Os dois agentes da 2ª Esquadra de Investigação Criminal da PSP bateram à porta por volta das 22h de 17 de Abril de 2012. Mariana, que vai nos 10 anos, já dormia no sofá. Rodrigo, agora com quatro, nem percebeu o que se passava. Rita, de sete, estava desperta e empertigou-se quando os viu pôr a roupa dela fora dos armários.

Falaram com Nuno à parte. Explicaram-lhe na cozinha ao que vinham. A família aguardou na sala. “Revistaram tudo, mas não partiram nada”, diz Patrícia. Encontraram pedaços de haxixe dentro da bolsa dele – 27,64 gramas. E levaram-no, tendo o cuidado de não o algemarem à frente da filha acordada.

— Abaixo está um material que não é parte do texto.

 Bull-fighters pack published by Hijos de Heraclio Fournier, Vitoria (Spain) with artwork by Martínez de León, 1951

O Tribunal de São João Novo condenou-o a cinco anos e meio de prisão. Ele cumpriu dois anos, dois meses e 22 dias. “Saí a meio da pena, devido ao meu bom comportamento, a ser a primeira vez, a não ter processos pendentes, a ter apoio familiar”, diz ele. Tinha acabado de retomar o seu antigo lugar de motorista de longo curso quando chegou a notificação de despejo da Câmara do Porto.

Alega a autarquia que Nuno foi condenado por tráfico e que Patrícia permitiu que a habitação social que lhes tinha sido atribuída fosse usada para o negócio. “A arrendatária e agregado adoptaram uma conduta que provoca incómodo sério aos vizinhos e é perturbadora da tranquilidade, ofensiva para terceiros, criadora de insegurança e compromete seriamente a paz social”, dita o documento.

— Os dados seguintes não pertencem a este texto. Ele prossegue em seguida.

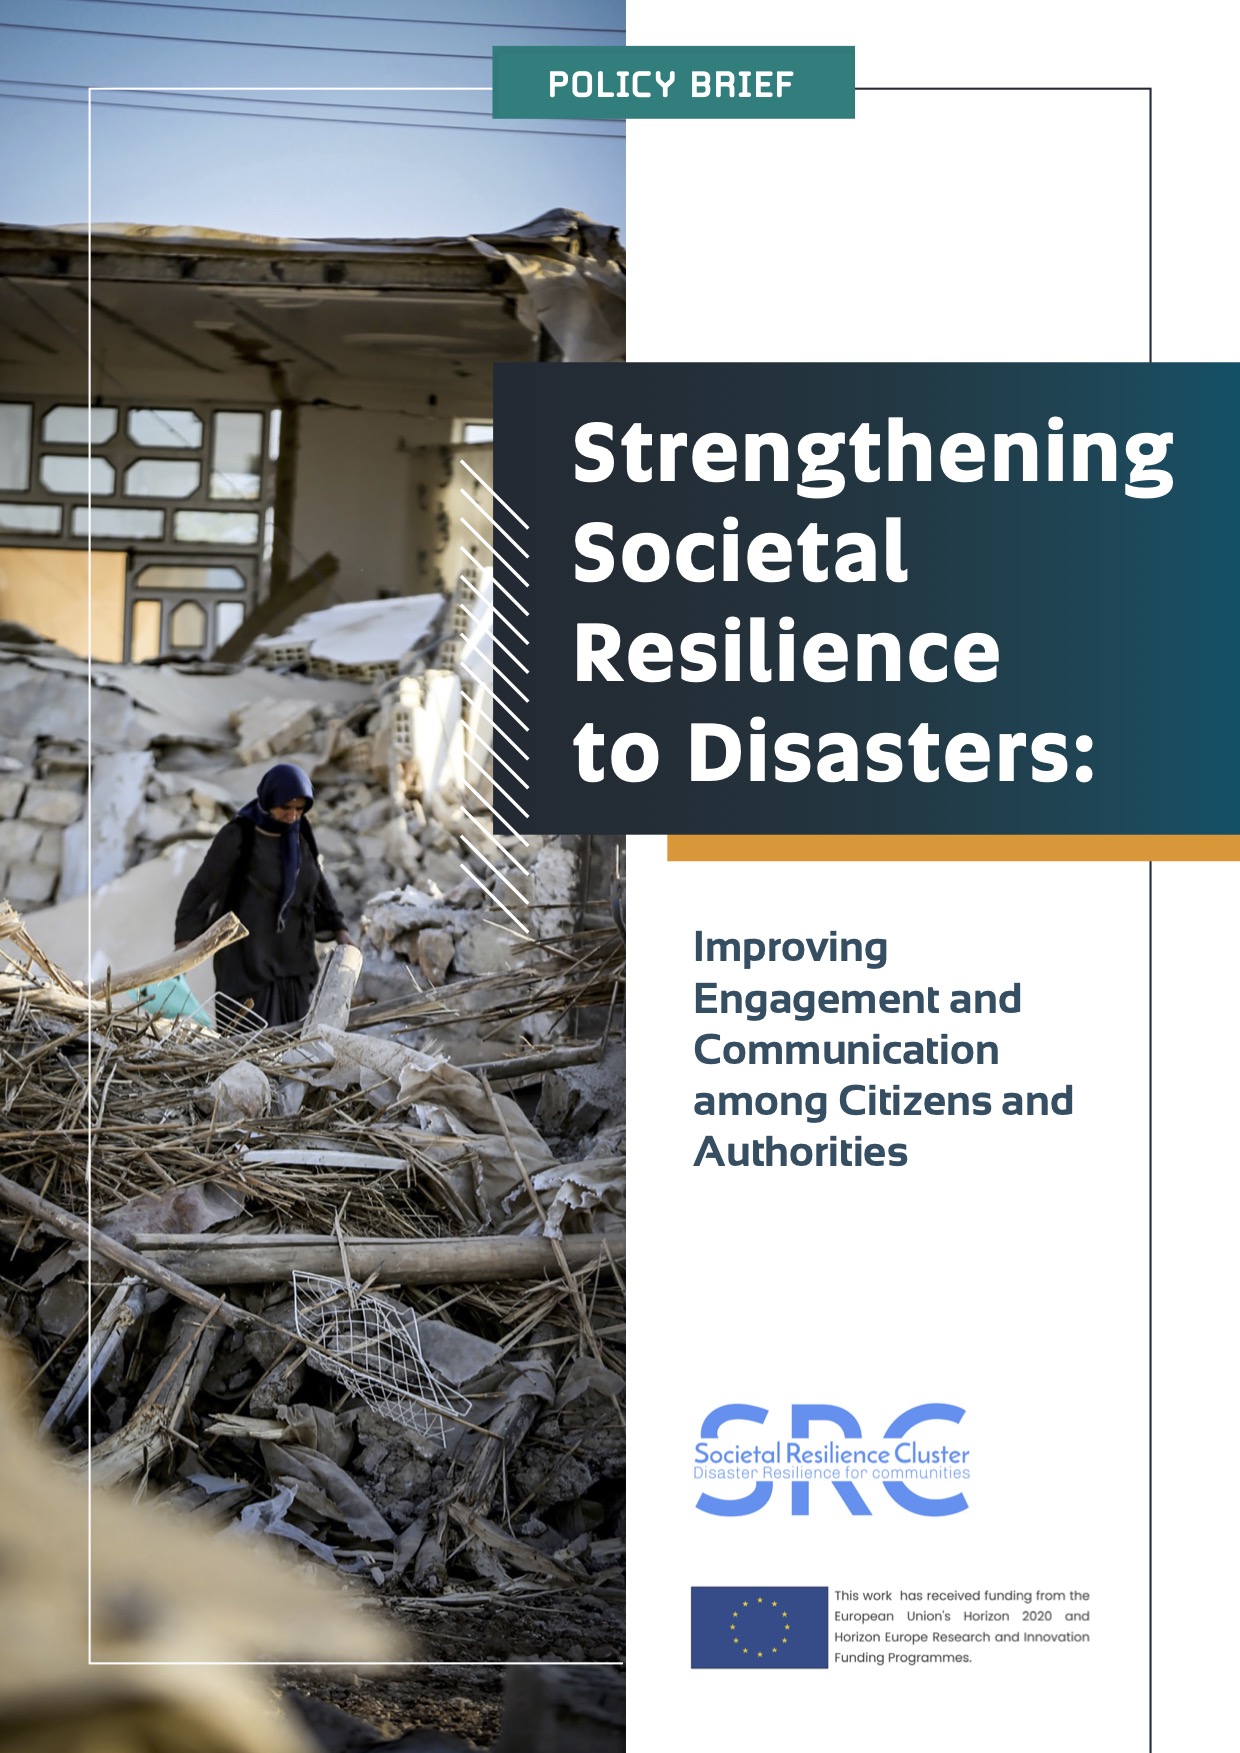 Cover page of the Policy Brief named "Strengthening Societal Resilience to Disasters: Improving Engagement and Communication among Citizens and Authorities"

Patrícia ficou escandalizada: “A câmara diz que nós, o agregado, ou seja, eu e os meus filhos, usamos a casa para isso. Como pode dizer isto? Eu nem sequer fui arguida! O auto de busca era só para ele. O haxixe estava na bolsa dele. Não havia nada em casa, nem eu ia permitir que houvesse. Ele foi preso, mas é assim: eu casei-me com ele, sou católica, não o ia abandonar quando ele mais precisava de mim.”

Reactivando uma prática dos tempos de Rui Rio, a câmara enviou semelhante carta a 41 famílias de bairros de Lordelo do Ouro. “Podiam ter sido mais”, assegura o vereador da Habitação e Acção Social, Manuel Pizarro. O deal propagou-se por ali, sobretudo desde o início da demolição do Bairro do Aleixo, antes a maior boca de tráfico de heroína, cocaína e base de coca da cidade.

Só no processo pelo qual Nuno se sentou no banco dos réus responderam 30 pessoas. Noutro desencadeado no ano seguinte, mais de 40 daquele bairro e de outros. “A Câmara do Porto não pode admitir que se utilize habitação social para praticar actos criminosos”, observa o vereador.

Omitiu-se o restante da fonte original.